In January, Han was set to ship his first screen to a branch of the military. He hasn't taken a dime of venture capital, so his company is already in the black.
Meanwhile, wherever touch-screen technology leads, Han will face stiff competition. Microsoft has been working on its own version, TouchLight, which offers echoes of the Spielberg sci-fi flick Minority Report. GE Healthcare, which manufactures MRI machines, is using TouchLight, licensed from Eon Reality, for 3-D imaging: Surgeons can swipe their hands across the screen and interact with an MRI of a brain, peel away sections, and look inside for tumors (retail price: $50,675).
Mitsubishi is targeting a completely different market with its DiamondTouch table, a collaborative tool for business that allows a group of people to interact at the same time via touch screen.
Canada-based Smart Technologies has created a nice niche selling interactive whiteboards to universities, corporations, and even to three branches of the U.S. military for briefings. Panasonic has been developing wall-size touch-screen displays, as has consulting firm Accenture, whose interactive billboards are already enticing passengers at O'Hare and JFK airports. Apple has filed for several patents in the field, and there are rumors, which the company won't confirm, of course, that it will soon offer a touch-screen iPod.
But Han isn't exactly worried. In January he was set to ship his first wall screen to one of the branches of the military (he won't say which one) "and they are paying military prices--six figures," he says.
His company will also be offering consulting services and support, which will generate even more revenue, and Han says he has a lot of other deals in the pipeline. He hasn't taken a dime of venture capital, so his company is in the black even before he has rented office space.
What's more, with the cost of cameras and screens plummeting, it is inevitable that interactive displays will be built into walls and in stores, in schools, on subways, maybe in taxicabs. In fact, a screen could be as thin as a slice of wallpaper, yet durable enough to handle the most rambunctious user.
Not everyone is sold on Han's idea. Ben Shneiderman, a computer science professor at the University of Maryland and a founding director of the Human-Computer Interaction Lab, calls Han a "great showman" who has "opened the door to exciting possibilities."
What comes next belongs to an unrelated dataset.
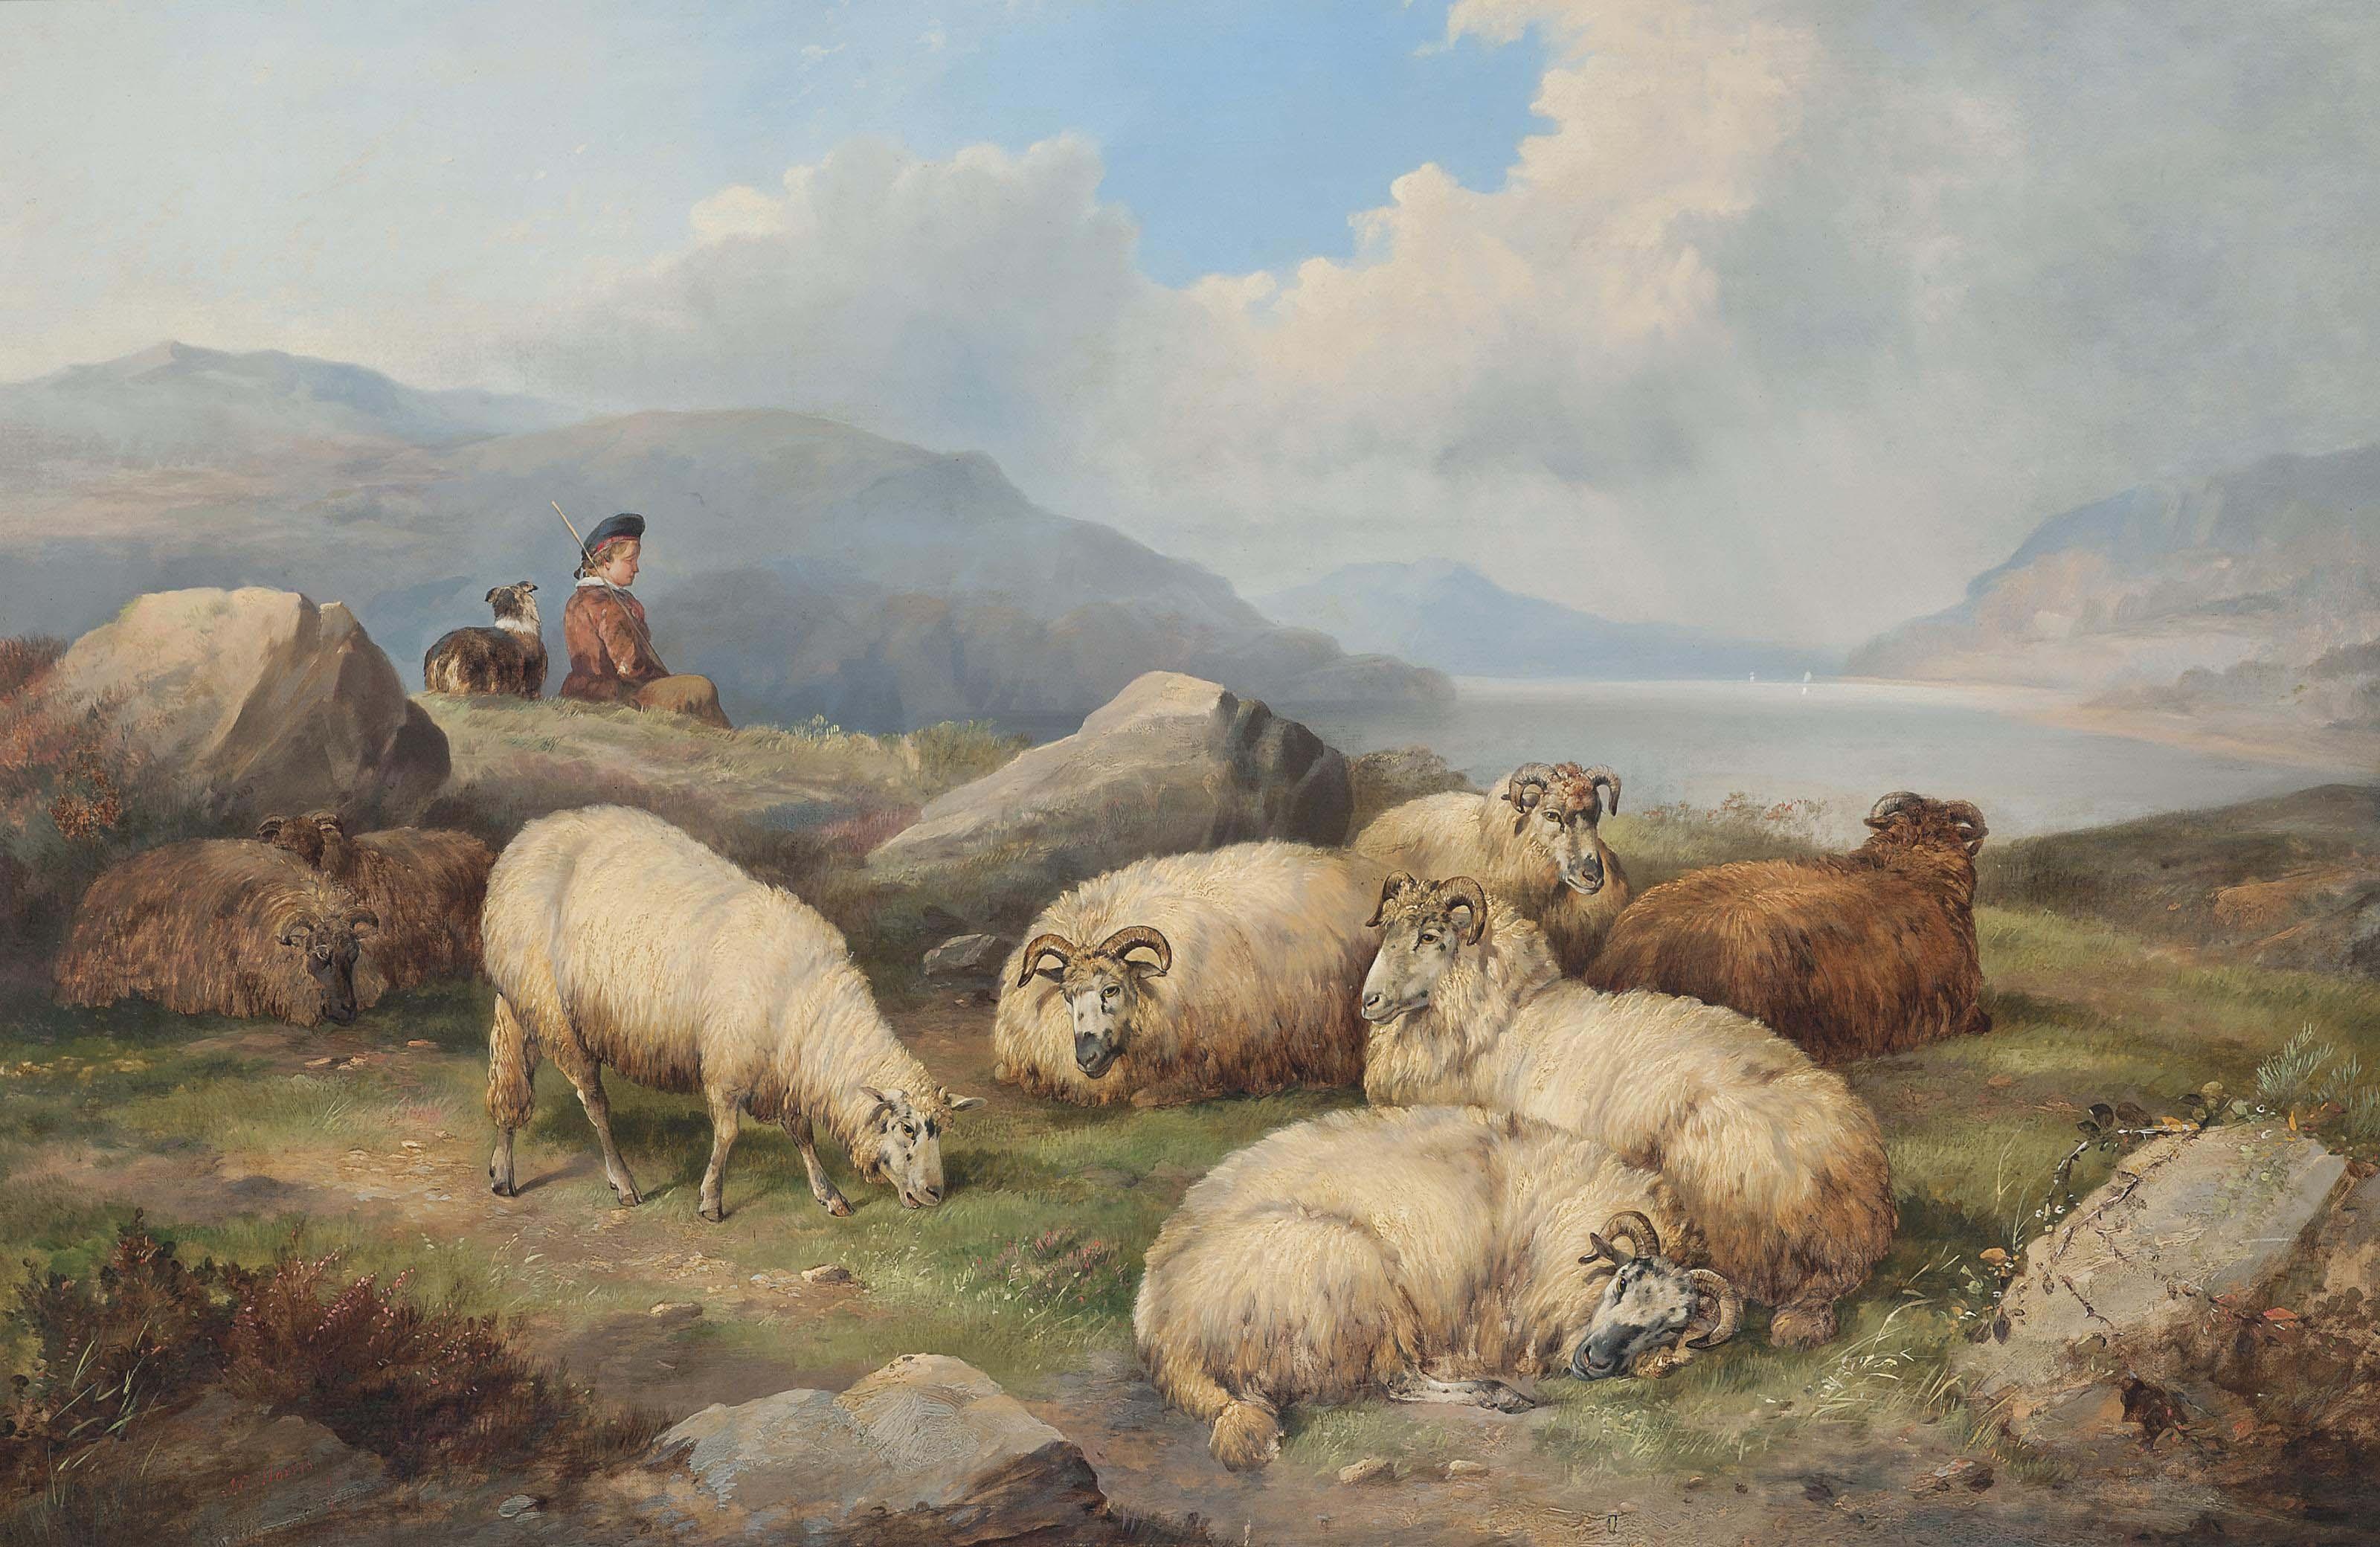 J.C. Morris (fl. 1851-1863)
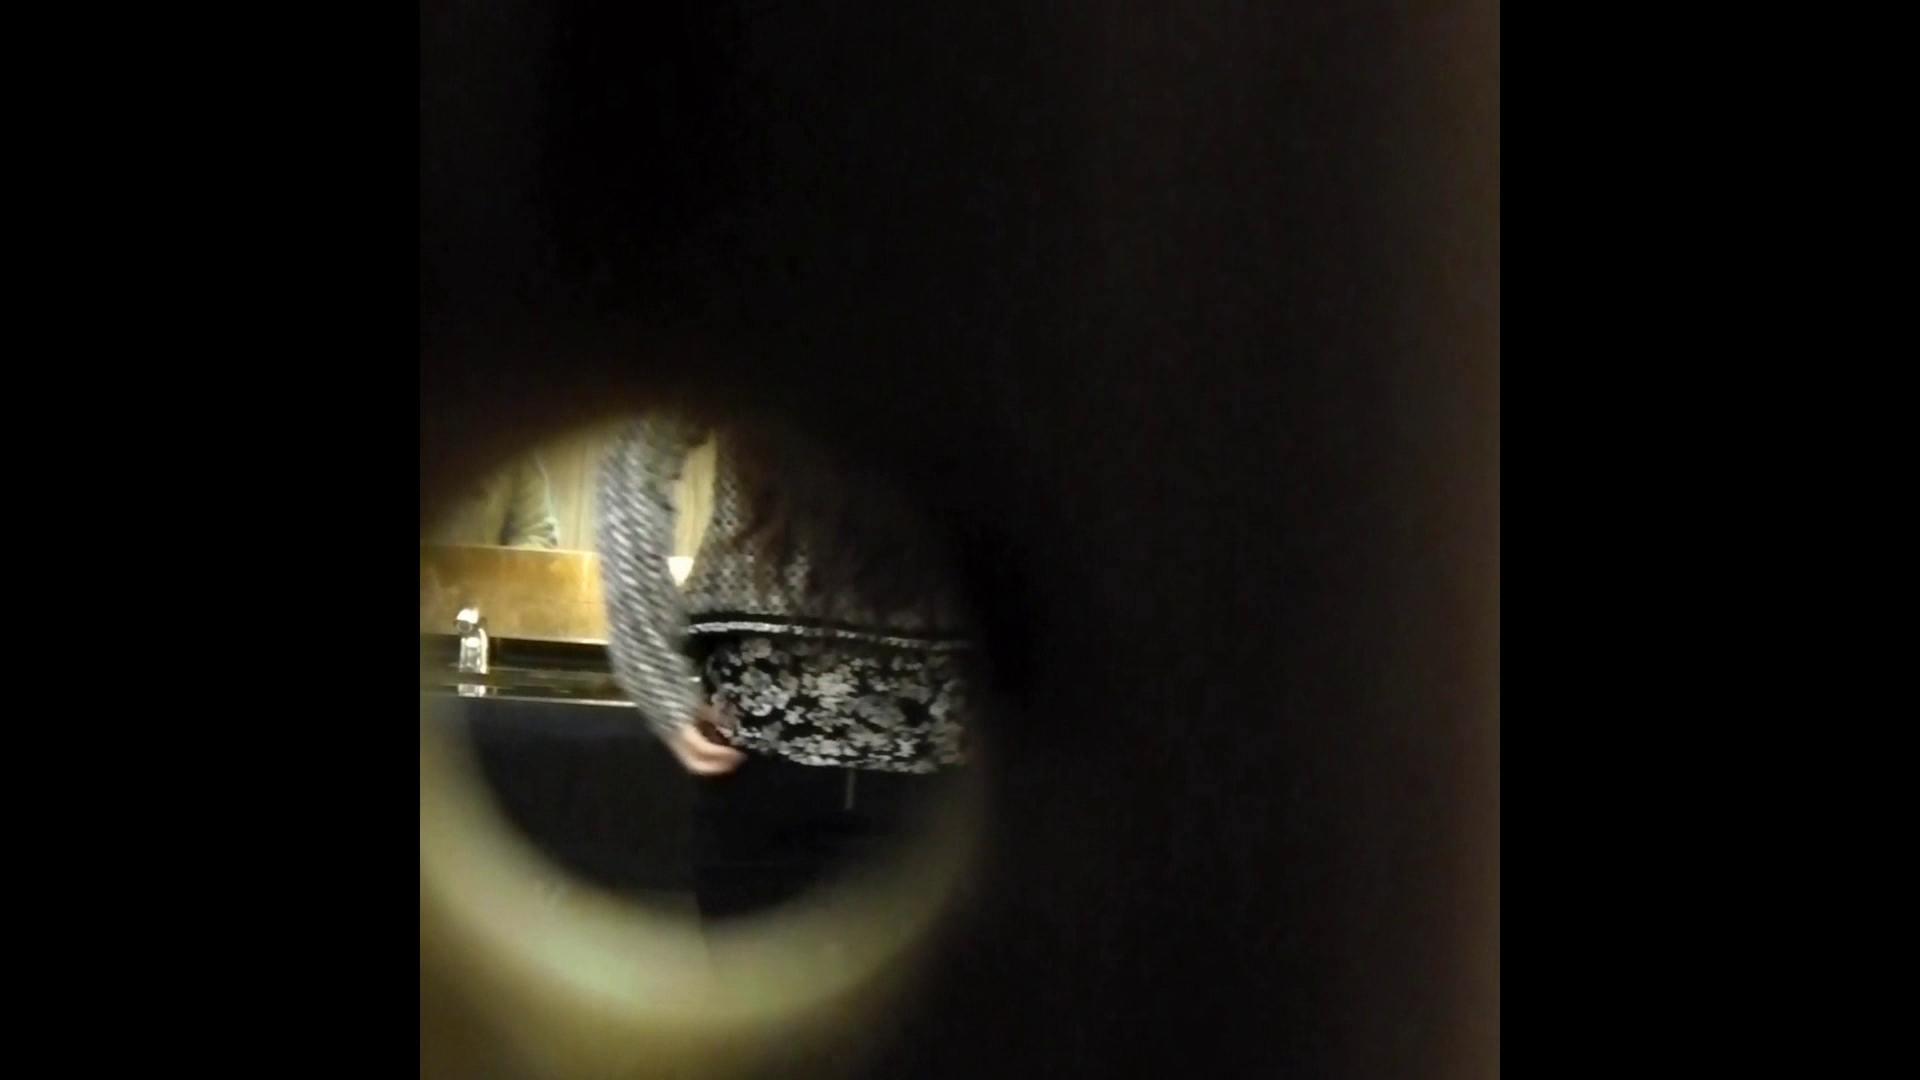 阿国ちゃんの和式洋式七変化 Vol.27 シリーズ最高作誕生 OLハメ撮り  54Pix 15

But he doesn't think Han's technology would be suitable for a large-scale consumer product, nor as useful as a mouse on a large display. If you are standing in front of the screen, Shneiderman wonders, how would people behind you be able to see what you're doing?
One way, Han counters, is for the demonstrator to simply move his ass out of the way. Another: Use a drafting-table display, as Han did at TED, and project the image on a wall-size screen.
But criticisms like these are a million light years from Han's mind. We're in his cluttered and cramped office at NYU. Books line a shelf, and a skein of wires unfurls across the floor. A computer circuit board is half taken apart (he stopped losing screws long ago), and a nearby whiteboard contains blueprints and sketches of the touch screen, plus a clever trick for hacking programming code.
Han is explaining why he formed Perceptive Pixel. "I want to create an environment where I can create technology, get it into the hands of someone to market it, and move on to other technologies so I can keep innovating," he says.
"I want to be a serial entrepreneur: Incubate an idea, get it to a good state, and make that an enabler to get to the next state. It's every researcher's fantasy."